Nuestro héroe


Junto a él va el Cristo de la Providencia y nuestros corazones, que piden por él, por quienes le acompañan y por aquellos a los que tiene que proteger

Militares del Ejército de Tierra./Foto: Jesús Caparrós españa heroe
Militares del Ejército de Tierra./Foto: Jesús Caparrós
Militares del Ejército de Tierra./Foto: Jesús Caparrós españa
Militares del Ejército de Tierra./Foto: Jesús Caparrós

A uno de los nuestros se le escapó un ¡Viva España!, mientras los demás aplaudían.

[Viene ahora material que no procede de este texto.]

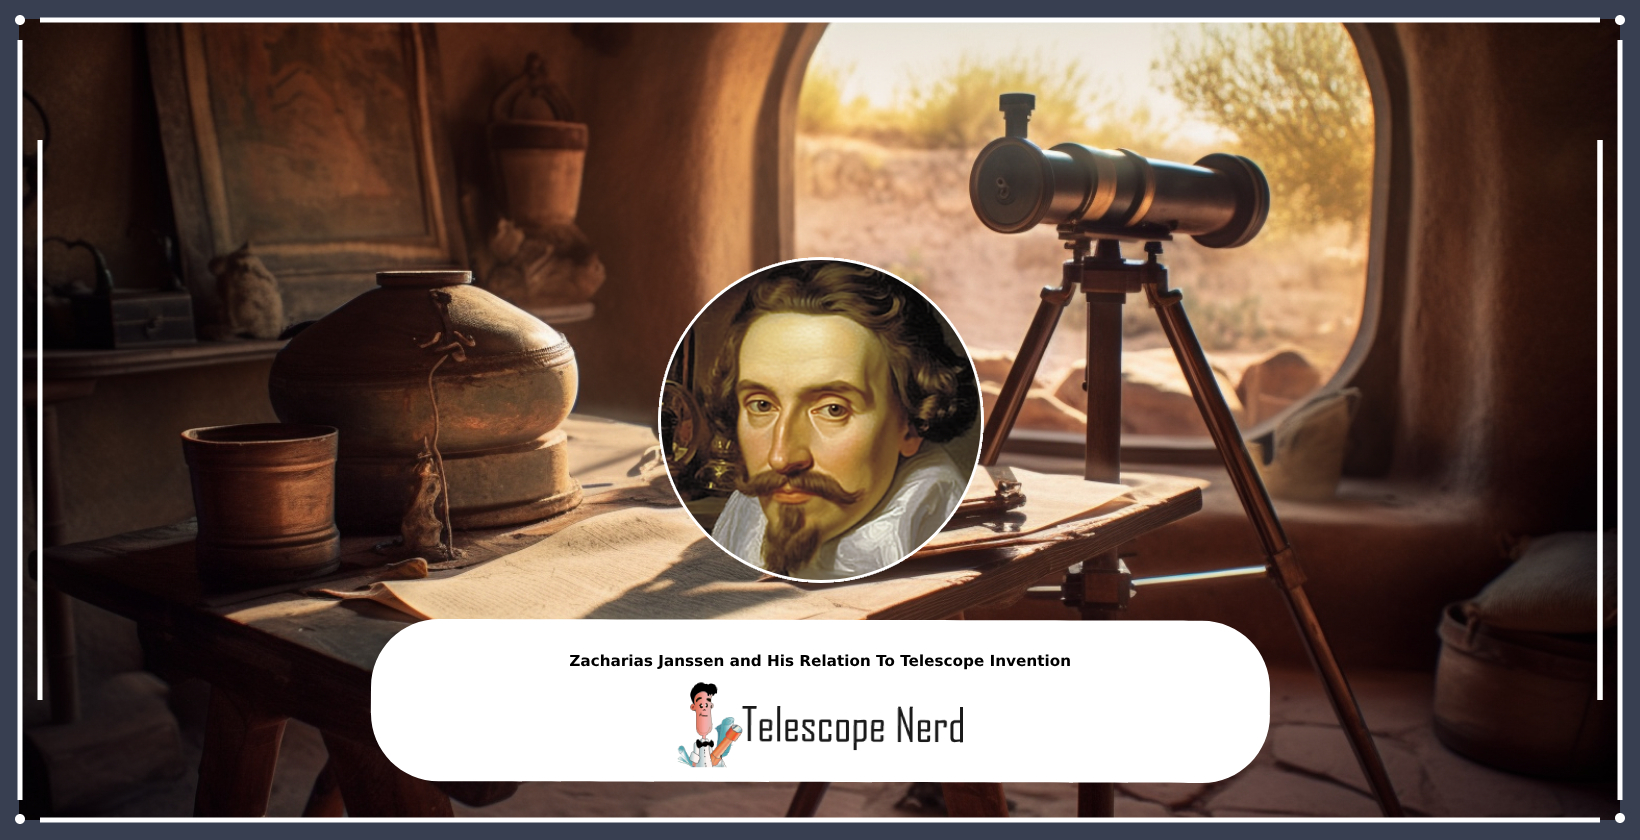 Zacharias Janssen spectacle-maker and his contributions to telescopes

Fue un momento emocionante, de esos en que es complicado mantener la entereza y muy difícil que no se te escape una lágrima. 

El motivo era que otro de los nuestros partía en pocos días (cuando se publica esta columna ya está en camino) hacia el Líbano, como miembro de la Brigada ‘Guzmán el Bueno’ X. El escenario era la parroquia en torno a la que se articula nuestra vivencia comunitaria semanal y, al finalizar la misa, a Manolo se le entregó en un estuche una imagen del Cristo que la representa y protege, para que lo lleve con él a su misión, lo guíe y lo guarde.

Durante seis meses formará parte del contingente, que tiene como centro de operaciones la base militar española ‘Miguel de Cervantes’, en Marjayoun, en las proximidades de la frontera líbano-israelí. Tiempo en el que será uno de los garantes de mantener la paz en una zona casi siempre convulsa.

Mantener la paz, un objetivo que va mucho más allá de luchar por ella, aunque para conseguirlo haya que portar un arma y puede que mirar de frente al enemigo, con la sangre fría y con la templanza que no solo se aprende en la instrucción, sino que se lleva como una bandera.

Probablemente, alguno de ustedes pensará eso de que ya sabía lo que hace uno cuando se mete a militar, pero tampoco hay que olvidar que para que disfrutemos de ella cada día tiene que haber personas que la guarden y se esfuercen para mantenerla con una labor invisible. Y la paz no se mantiene en la puerta de nuestra casa, sino en centenares de enclaves repartidos por el mundo, el mismo que es mucho más peligroso allende de nuestras fronteras.

Para nosotros -para mí, seguro- Manolo es nuestro héroe. Uno que habla poco, siempre con calma y mesura y asume con naturalidad el deber que lo llama. Junto a él va el Cristo de la Providencia y nuestros corazones, que piden por él, por quienes le acompañan en la misión y por aquellos a los que tiene que proteger, que somos todos en definitiva.